* [Work item] What is needed is an exact reproduction of the lines in the records below, starting at the line with "WHOLEMEAL SPINACH AND RICOTTA CANNELLONI" and ending at the line with "Of course Stephen", both included, and nothing else; pictures stay out.

* [Listed entries]
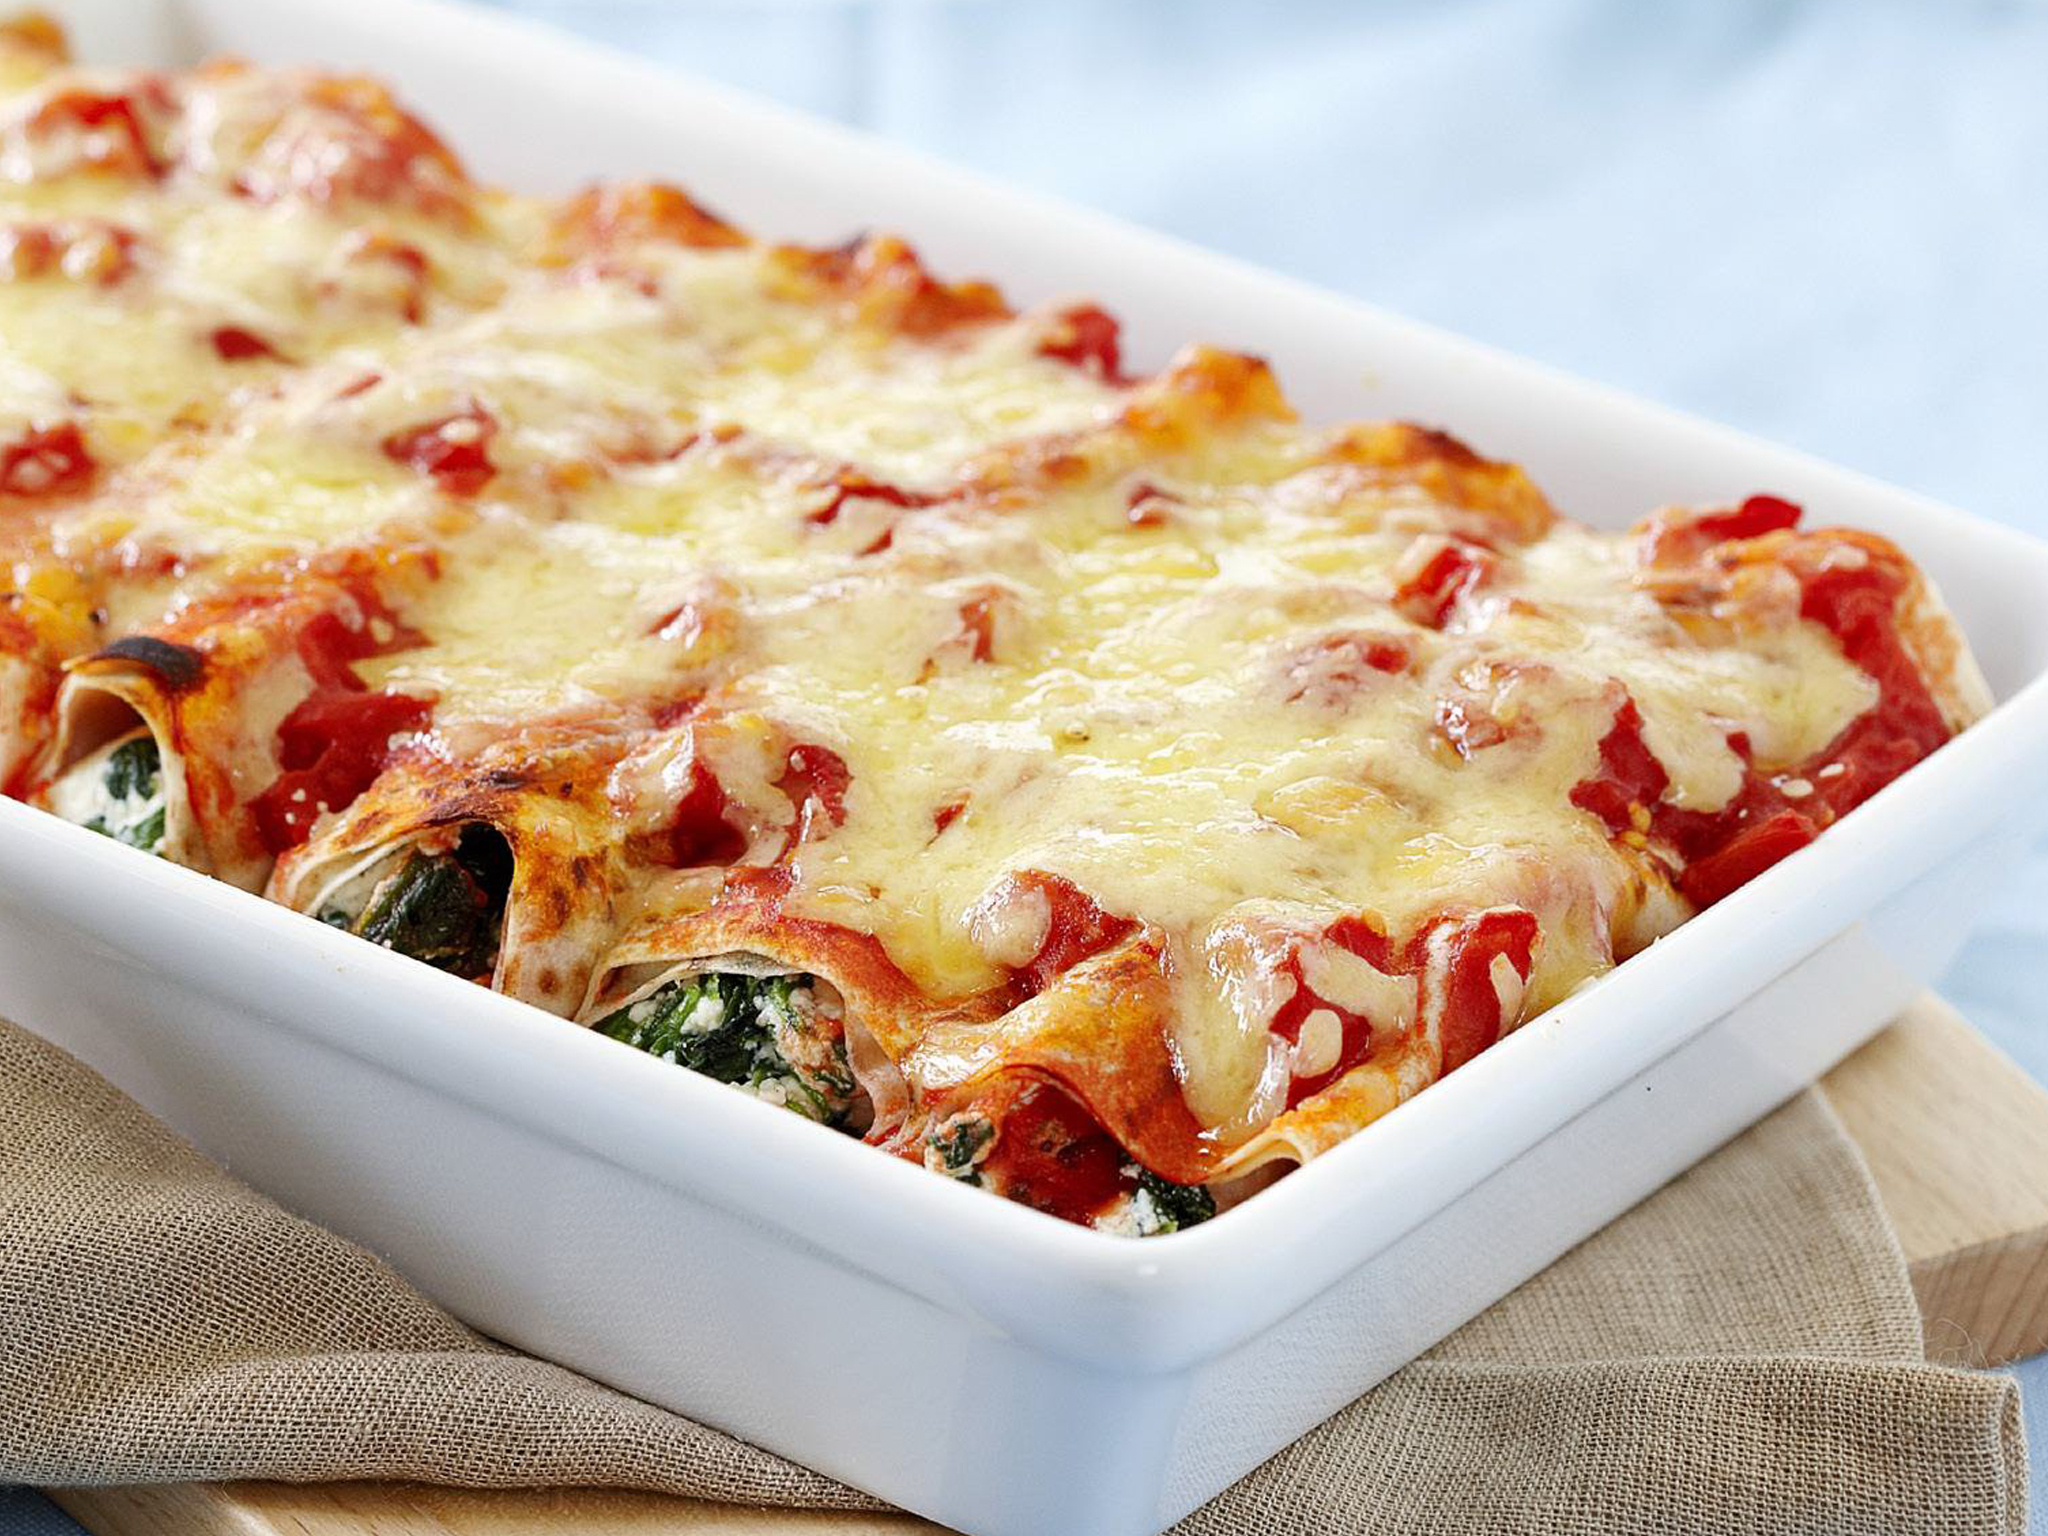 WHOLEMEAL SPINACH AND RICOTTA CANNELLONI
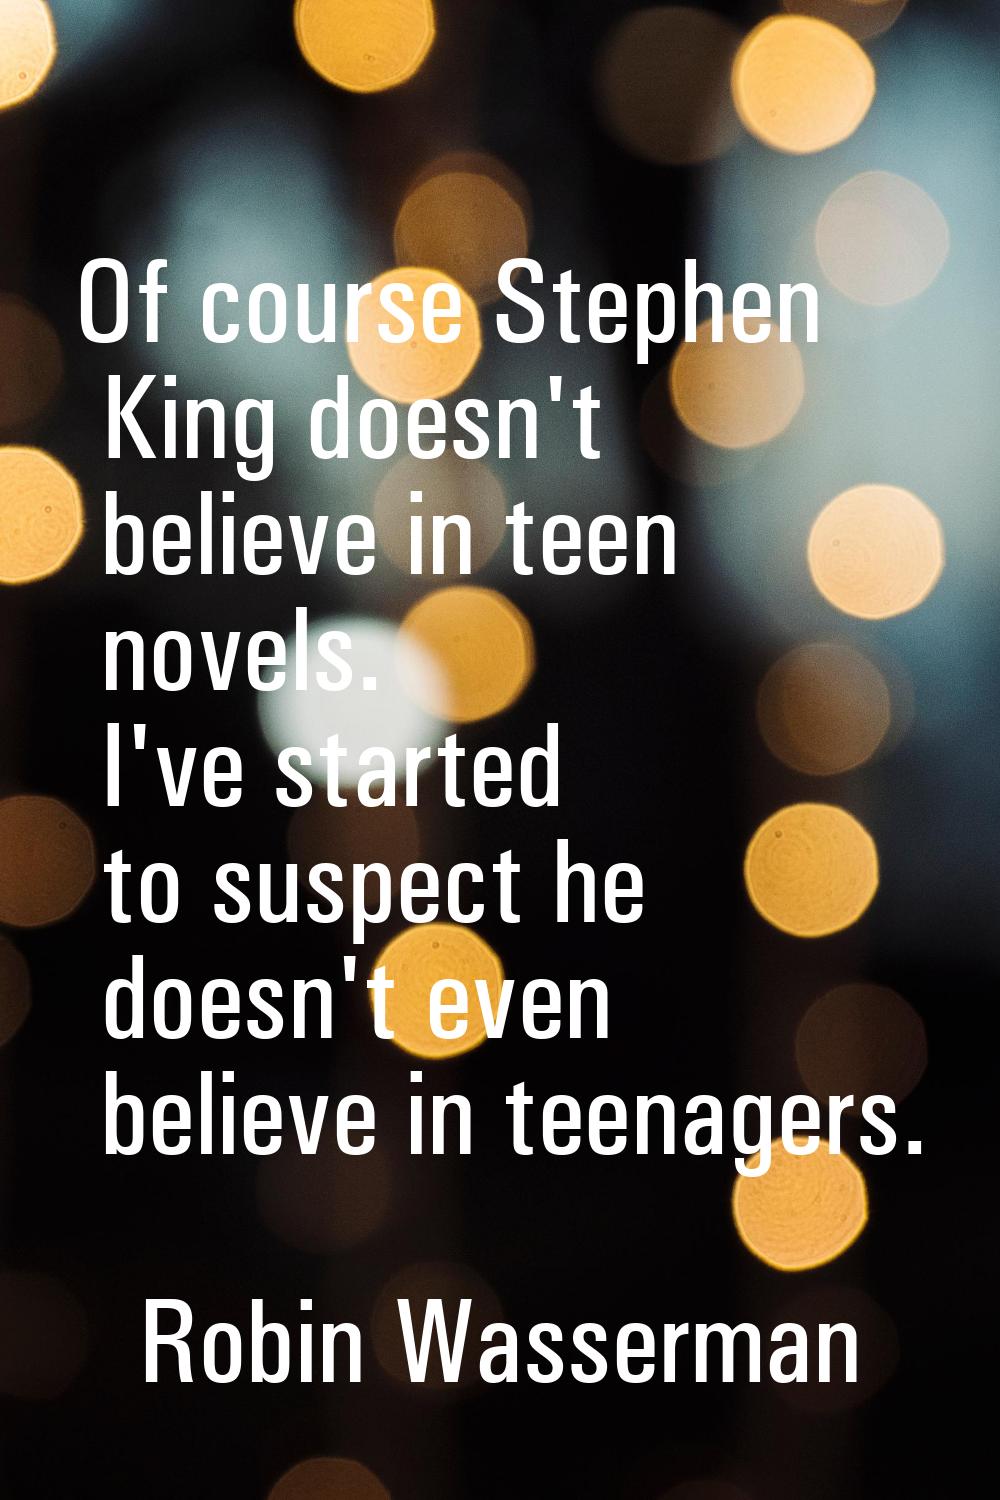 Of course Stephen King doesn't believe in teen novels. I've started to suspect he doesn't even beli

==

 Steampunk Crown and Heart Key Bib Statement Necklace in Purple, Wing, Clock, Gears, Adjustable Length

...

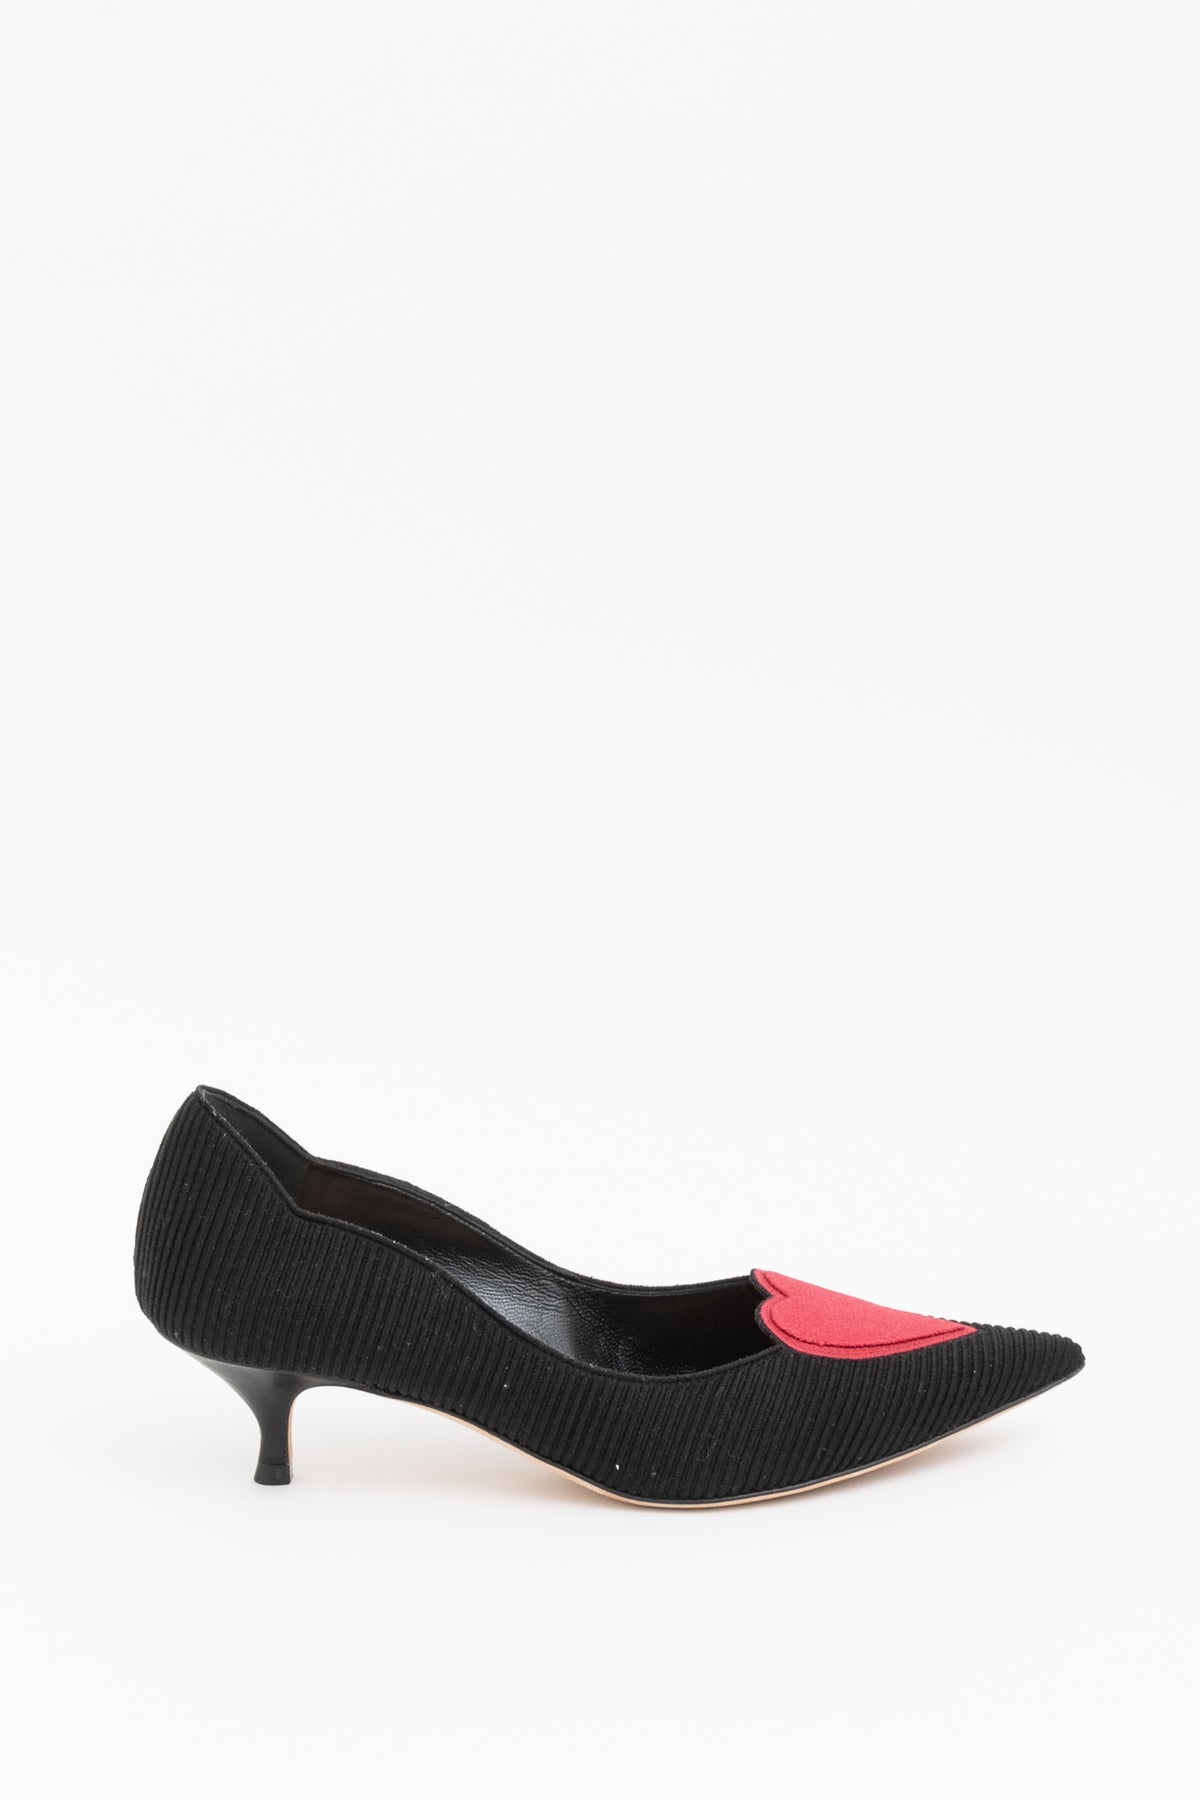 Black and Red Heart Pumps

* [Completed exercise]
 WHOLEMEAL SPINACH AND RICOTTA CANNELLONI
 Of course Stephen King doesn't believe in teen novels. I've started to suspect he doesn't even beli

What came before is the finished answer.